Leaving a note here that starting in Nomad 1.7.0-beta.1 we've deprecated the workflow where the clients makes a request to the server to mint Vault/Consul tokens and instead the Nomad client is making that request using the workload identity.
This should eliminate the specific bug that @lgfa29 is discussing inasmuch as we won't be talking to the Nomad server anymore and checking that state. But that doesn't necessarily close out this bug (I haven't tested this case yet). I'll hold off closing until we've confirmed that.
We have a very similar issue, but with a Nomad variable as opposed to a Vault key, so I'm adding the detail here hoping it will help.

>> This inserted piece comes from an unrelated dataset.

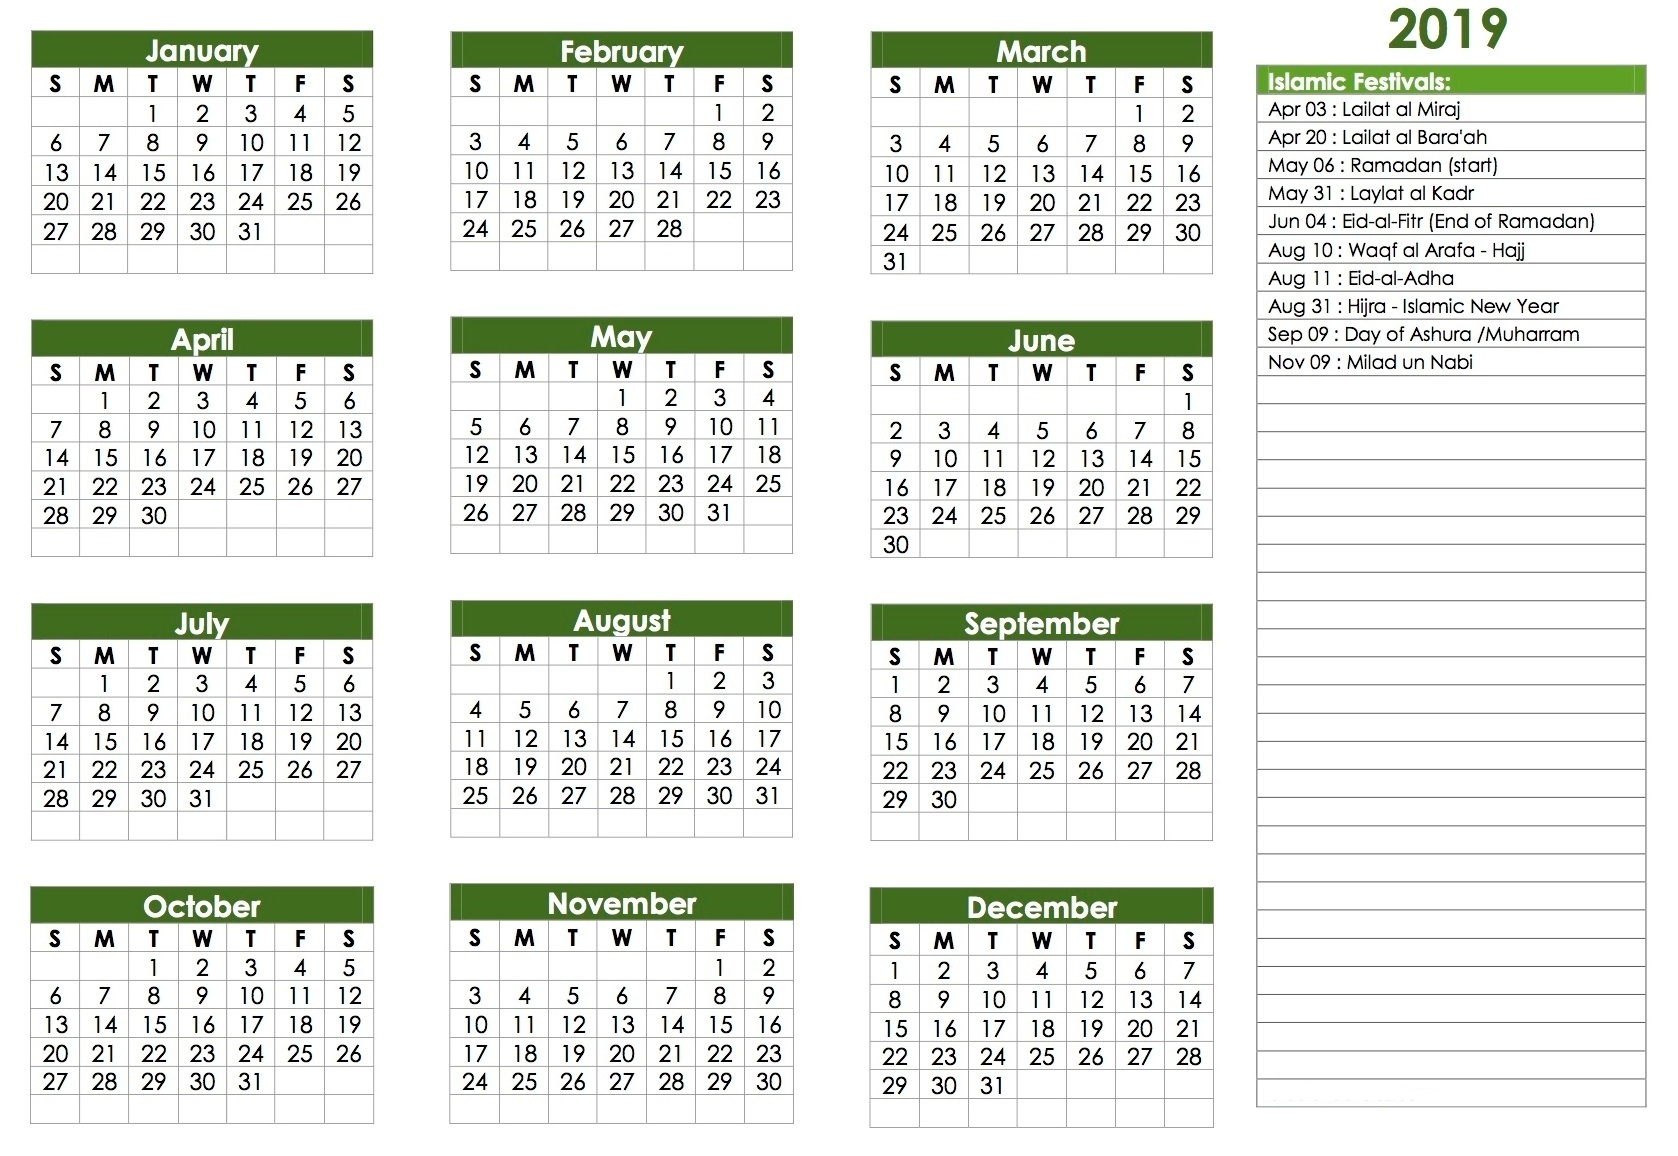 Islamic Calendar 2019 I Hijri Calendar 1440 - One Platform For in Which Day Are We In Arabic Calendar

Nomad v1.6.3 BuildDate 2023-10-30T12:58:10Z Revision e0497bff14378d68cad76a801cc0eba93ce05039
Ubuntu 22.04.3 LTS (Jammy)
The 2nd poststop
task can't get a Nomad variable, but the other tasks and the 1st poststop
task work fine.
We have a job with 5 tasks:
setup-task
(working)teardown-task
(problematic)All these tasks make use of template blocks that refer to the job’s corresponding Nomad variable, e.g., nomad/jobs/the-job-name
:
Example job:
job "the-job-name" {
group "the-job-group" {
task "setup-task" {
lifecycle {
hook = "prestart"
sidecar = false
}
driver = "raw_exec"
template {
change_mode = "noop" # this is a prestart task
error_on_missing_key = true
destination = "$${NOMAD_SECRETS_DIR}/.setup"
env = true
data = <<EOT
{{ with nomadVar (printf "nomad/jobs/%v" (env "NOMAD_JOB_NAME")) }}
KEY1 = {{ .key1 }}
KEY2 = {{ .key2 }}
{{- end }}
EOT
}
config {
command = "/path/to/setup/script.sh"
args = [
KEY1,
KEY2
]
}
}
// not showing all the tasks
// they all have template blocks similar to the ones above and below
task "teardown-task" {
lifecycle {
hook = "poststop"
sidecar = false
}
driver = "raw_exec"
template {
change_mode = "noop" # this is a poststop task
error_on_missing_key = true
destination = "$${NOMAD_SECRETS_DIR}/.teardown"
env = true
data = <<EOT
{{ with nomadVar (printf "nomad/jobs/%v" (env "NOMAD_JOB_NAME")) }}
KEY1 = {{ .key1 }}
KEY2 = {{ .key2 }}
{{- end }}
EOT
}
config {
command = "/path/to/teardown/script.sh"
args = [
KEY1,
KEY2
]
}
}
}
}
The Nomad job runs as expected except for the last poststop teardown-task
. When it is supposed to execute it eventually results in a timeout after a couple of minutes (±12 attempts):
Nomad logs:
2023-10-26T08:12:18.266Z [ERROR] client.rpc: error performing RPC to server: error="rpc error: allocation is terminal" rpc=ACL.WhoAmI server=10.0.2.5:4647
2023-10-26T08:12:18.267Z [ERROR] client.rpc: error performing RPC to server which is not safe to automatically retry: error="rpc error: allocation is terminal" rpc=ACL.WhoAmI server=10.0.2.5:4647
2023-10-26T08:12:18.267Z [ERROR] http: error authenticating built API request: error="rpc error: allocation is terminal" url="/v1/var/nomad/jobs/the-job-name?namespace=default&stale=&wait=60000ms" method=GET
2023-10-26T08:12:18.268Z [WARN] agent: (view) nomad.var.block(nomad/jobs/the-job-name@default.global): Unexpected response code: 500 (Server error authenticating request) (retry attempt 11 after "1m0s")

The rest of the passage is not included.